Um sexagenário é um dos maiores símbolos da música underground da Paraíba. No último sábado, dia 2, Totonho, ou Carlos Antônio Bezerra da Silva, completou 60 anos sendo a personificação da expressão sonora que tem amor pelos submundos. Conjugando o profético no mesmo tempo do poético, Totonho canta a cidade a partir da moral questionadora das favelas. No amor, é sempre o incapaz de conquistar a mulher desejada. O submundo que vem também do som que sente os pés nos quintais de Jaguaribe, mas sonhando que um cabra-móvel o leve a morar em um conjunto habitacional de outro planeta.

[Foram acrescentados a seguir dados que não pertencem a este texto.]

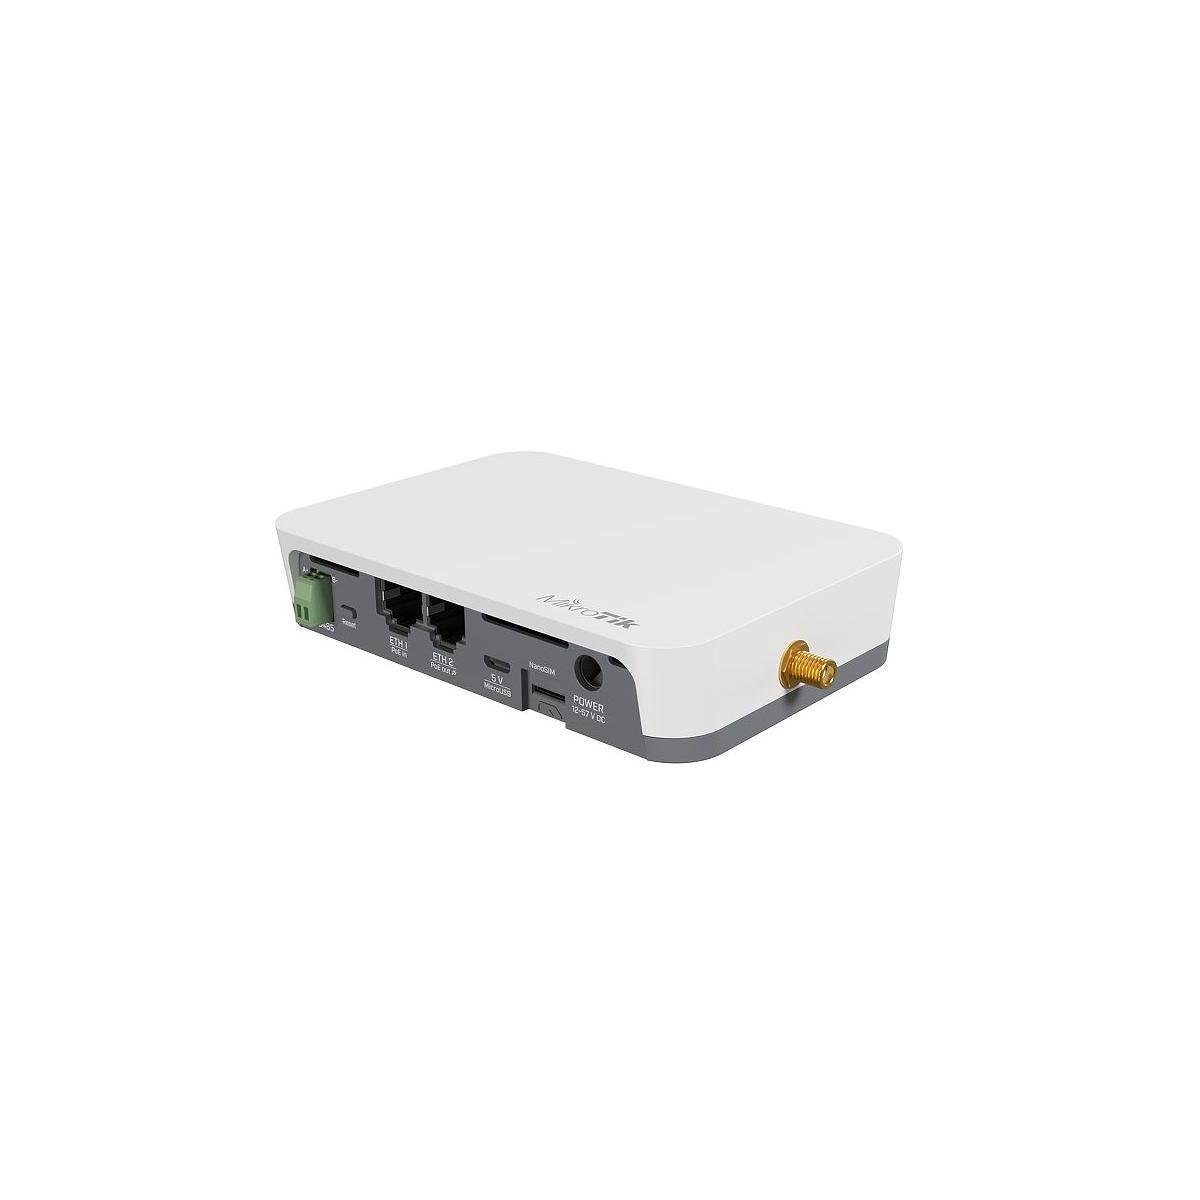 KNOT LR8-Kit,... RB924IR-2ND-BT5&BG77&R11E-LR8 - MikroTik 4G/LTE-Router

Nos ritmos, Totonho nasceu do repente de Pinto de Monteiro e do forró de Flávio José, e buscou sempre se emaranhar com a origem periférica do funk e do coco, do brega e do rap. Tudo isso em uma base eletrônica de fio desencapado. Quando Totonho vai estourar? “Se eu não ganhei dinheiro e nem fiz patrimônio até essa idade, então para mim o importante é zoar. É zoar, é incomodar, é tirar as coisas do lugar. Se isso já era um compromisso, isso triplica a essa idade”, anuncia o filho de Dona Luzia do Bolo. A pergunta “Quando Totonho vai estourar?” é a lembrança de uma provocação que ele ouve com frequência em sua cidade natal, Monteiro.
“Um dia eu vou fazer uma gravadora chamada Parede. ‘Totonho está estourado na Parede’. Chegando agora a 10 mil seguidores apenas, parece que a vida não rendeu. E a vida rendeu. A vida só não cresceu igual a bolo do forno. Mas rendeu. Deu para comer o que quis, na hora que quis”, responde ele.

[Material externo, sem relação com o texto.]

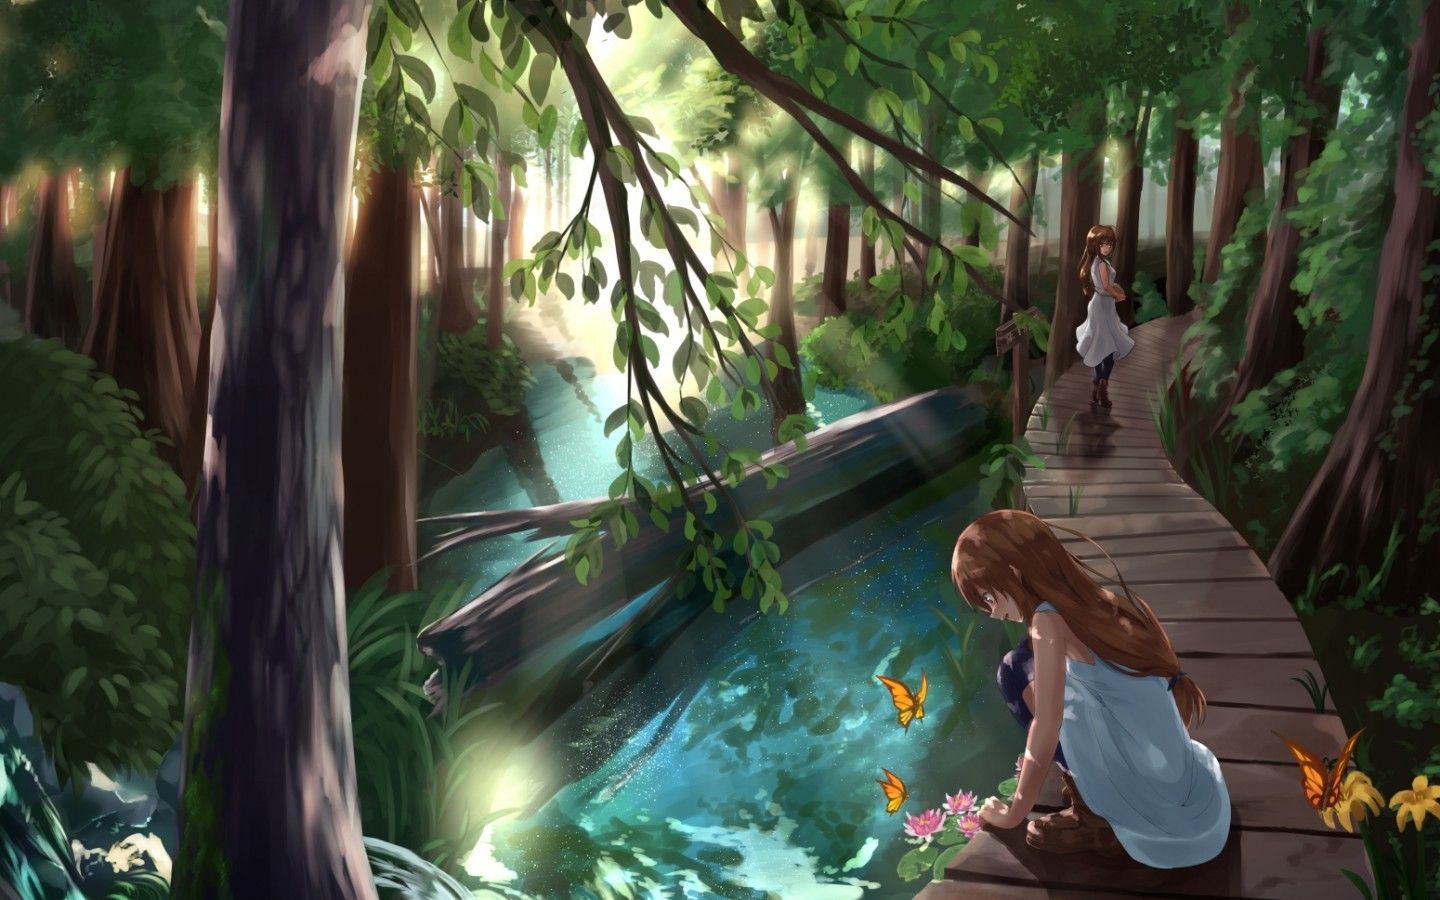 Download 1440x900 Anime Girls, Forest, River, Trees, Nature

A resposta, porém, vem mudando com o tempo. O tempo que passou, que ainda o abisma e espera por interpretação. “Eu nunca pensei em chegar aos 60 anos. Não tem significado ainda, não. Pra mim é mais surpreendente do que qualquer outra coisa. É uma fase de mais desafios. Desafios de terceira idade, desafios de continuar trabalhando politicamente, de saber qual o significado concreto da vida”.
O sentido concreto de estourar e fazer sucesso no mainstream ou no underground não poderia mesmo ser o mesmo para ele através dos anos. Totonho sabia que seria artista desde criança. Aos nove anos de idade criou a banda Os Renegados com instrumentos feitos de lata. Aos 18, se muda para João Pessoa e ajuda a criar o Musiclube da Paraíba, a cooperativa de compositores pela qual passaram nomes como Chico César, Milton Dornellas, Jarbas Mariz, Adeildo Vieira e os irmãos Pedro Osmar e Paulo Ró.
Desse grupo, Chico César estouraria com Aos Vivos, levando Totonho a acreditar que poderia também estourar. Ele conta que na época gravou uma demo e mandou para vinte gravadoras. Só a Trama se interessou pelo trabalho, quando ele já tinha 36 anos.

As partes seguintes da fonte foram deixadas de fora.